IRC channel logs

2022-09-17.log

back to list of logs

<Pellescours>because I was unable to have gdb working correctly I took another approch, commenting lines of code and try to find what makes gnumach having a kernel trap
<Pellescours>I commented almost everything, configured to use our intr and not the linux one. It works until I comment the linux_timer_intr() call in i386/i386/hardclock.c
<Pellescours>If someone have an idea of the why, I take
<youpi>( rather than commenting, you can just insert while(1) {} )
<youpi>you can probably look into linux_timer_intr to check what exactly there poses problem?
<Pellescours>the issue is that removing the call generate the trap, and leaving it don’t
<youpi>yes, I'm saying to go *into* it
<youpi>put while(1) {} in places inside that function
<Pellescours>ah o.
<Pellescours>ah ok
<Pellescours>keeping only this line "(*(unsigned long *) &jiffies)++;" make it works. I copied this line (and the var declaration) into hardclock and I’m able to run without trap (compiled with --disable-linux-groups)
<Pellescours>is this a bug in the context switching?
<youpi>why would it?
<youpi>the rest of the function is about mark_bh
<youpi>but you didn't tell about your context
<youpi>what are you testing?
<Pellescours>I’m testing booting gnumach without linux code, and when I compile with --disable-linux-groups, it don’t boot.
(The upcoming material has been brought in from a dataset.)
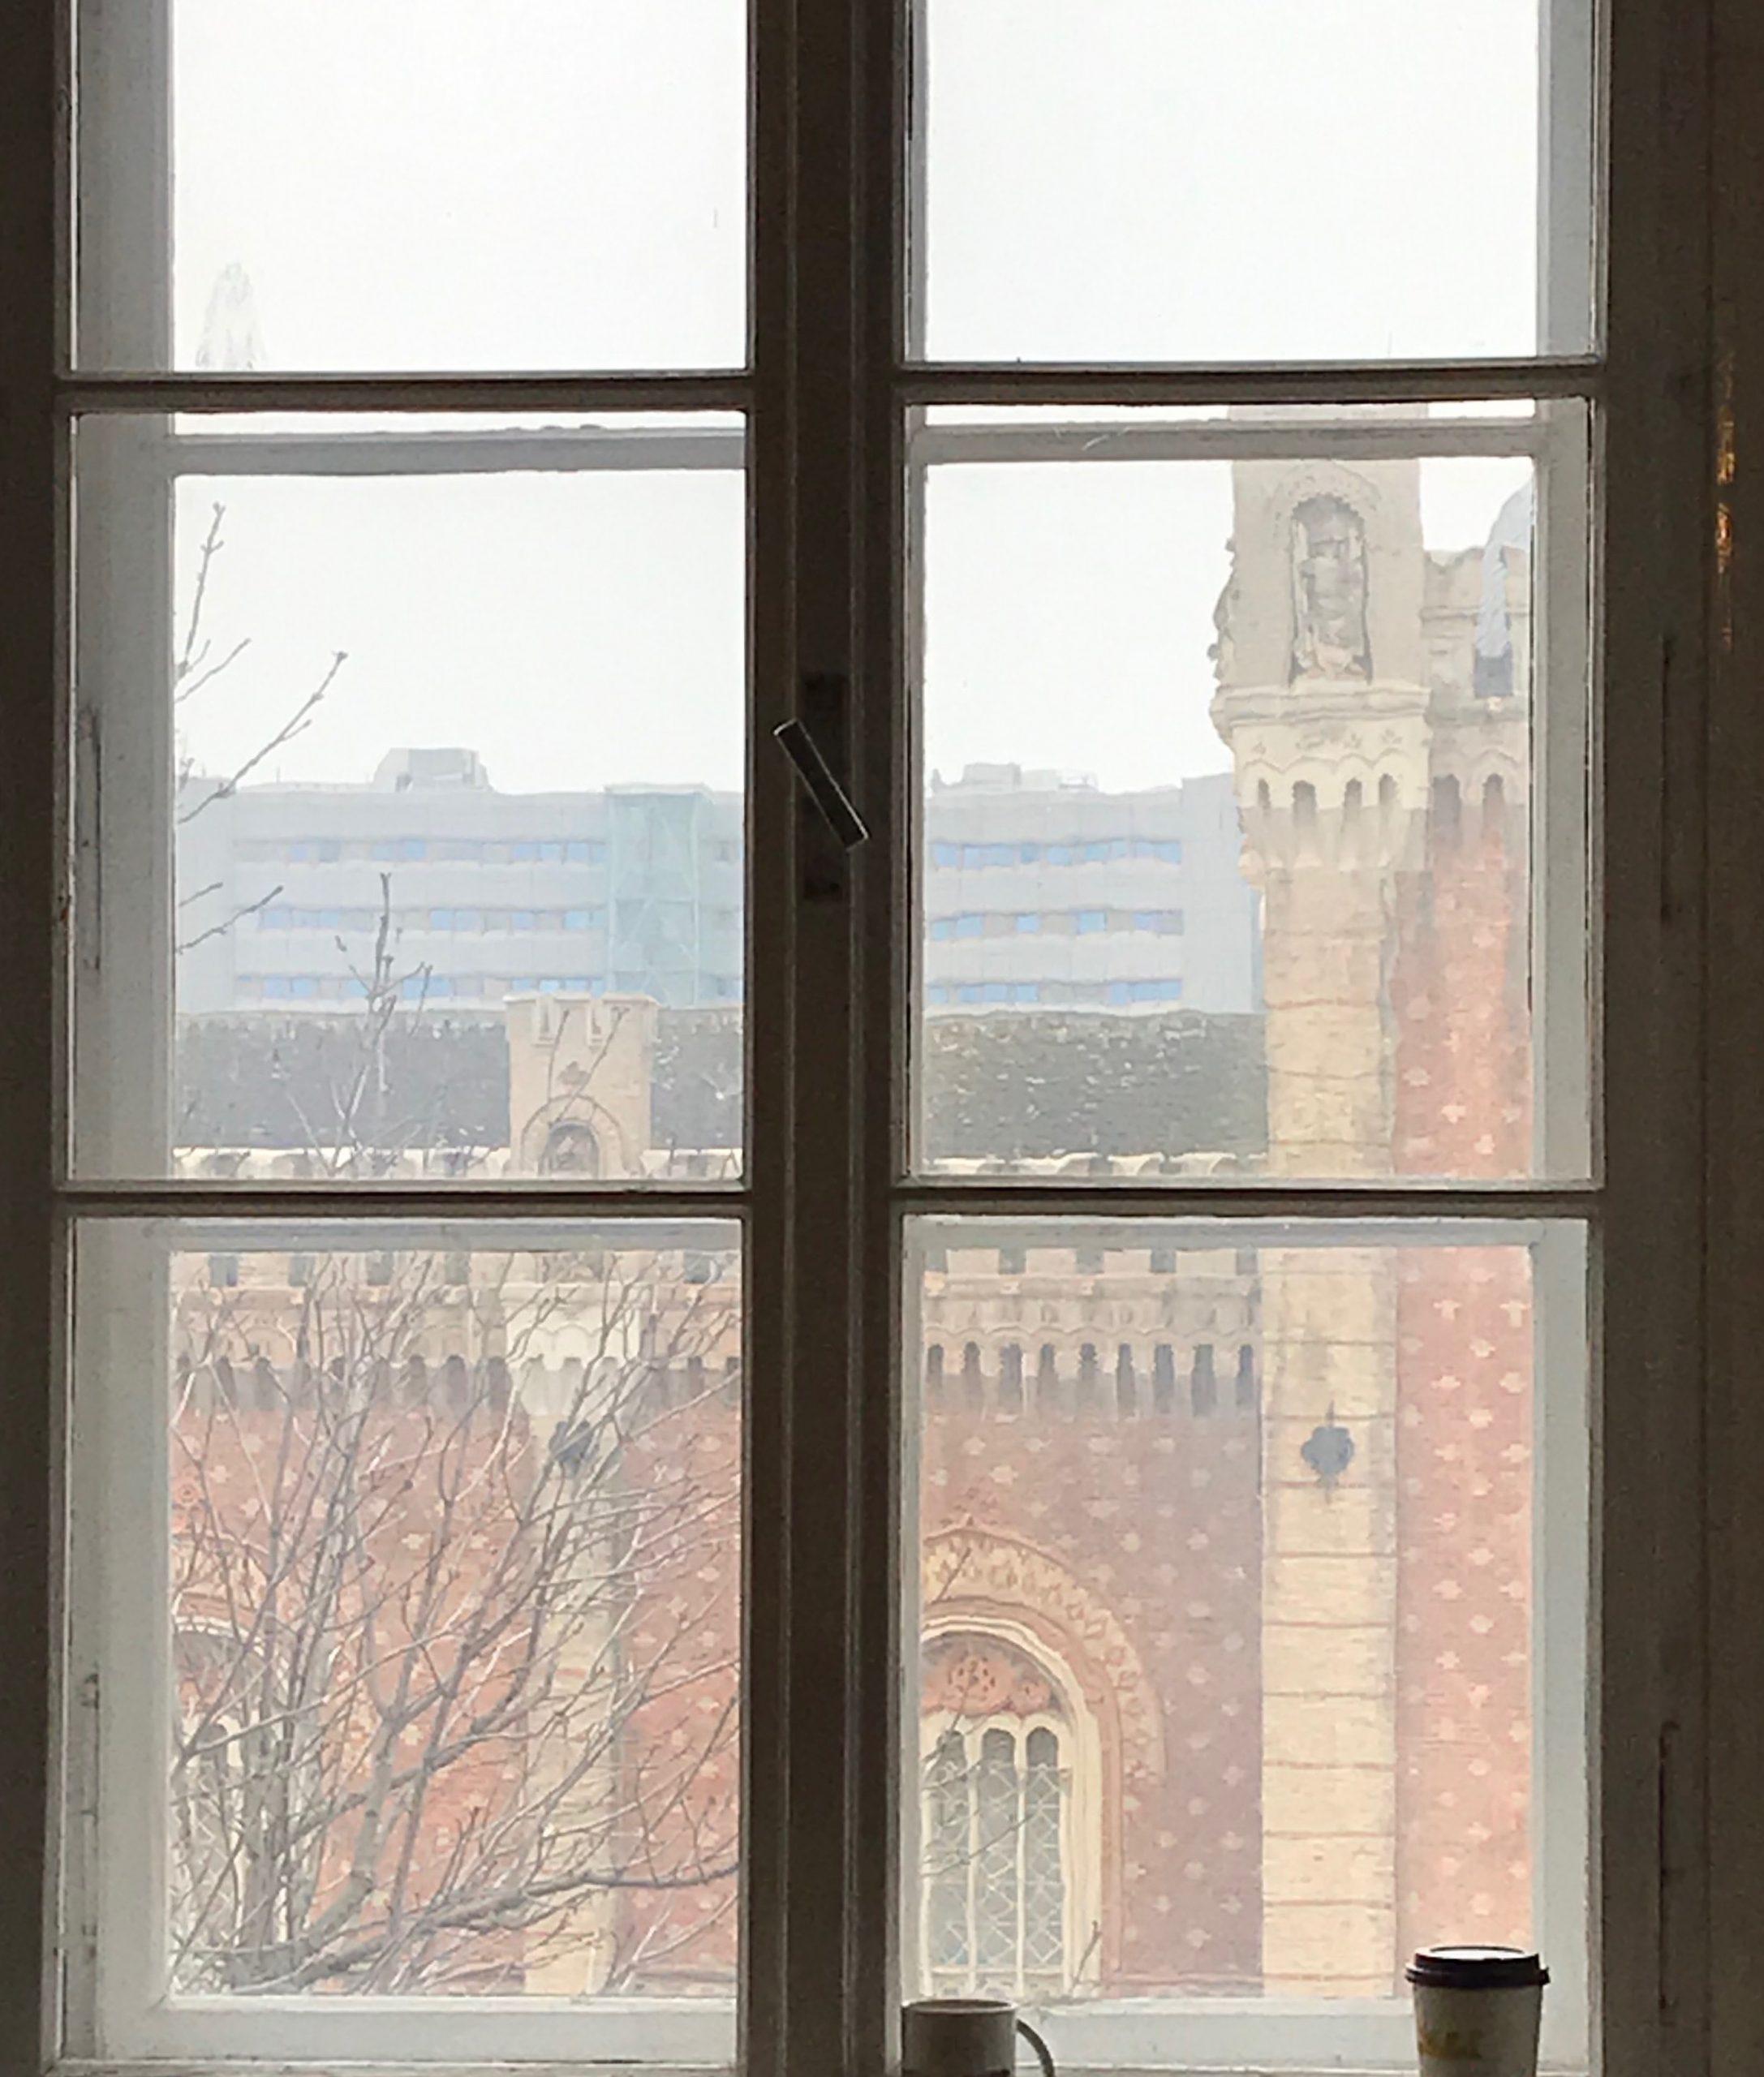 Fenster in die Vergangenheit: Blick vom Veranstaltungsort auf das HGM

<youpi>it looks odd that linux_timer_intr would be called at all with the linux group disabled
<youpi>possibly a bug in the configfrag bits?
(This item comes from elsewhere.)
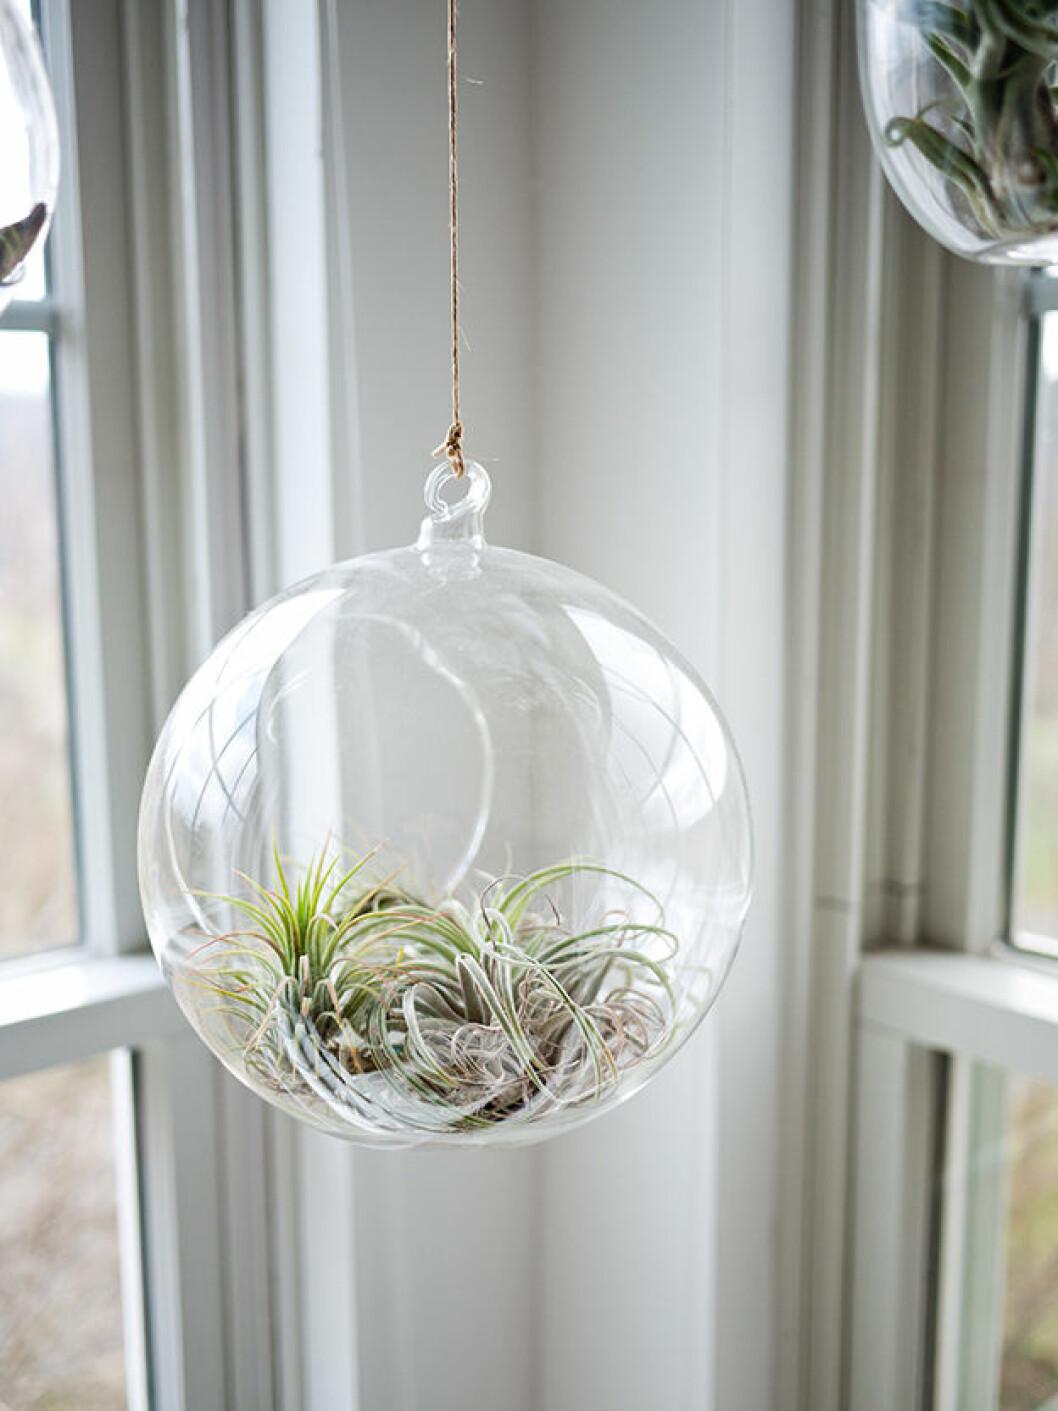 Airplant i en globformat vas som hänger från taket

<Pellescours>It’s not called when it’s disabled
<youpi>? you said above it was called
<Pellescours>yes because to find the root cause, I kept linux-group enable but I commented portions of code until find the root cause
<youpi>I don't understand your approach
<youpi>if you have a bug with the linux group disabled, why are you debugging with linux group enabled?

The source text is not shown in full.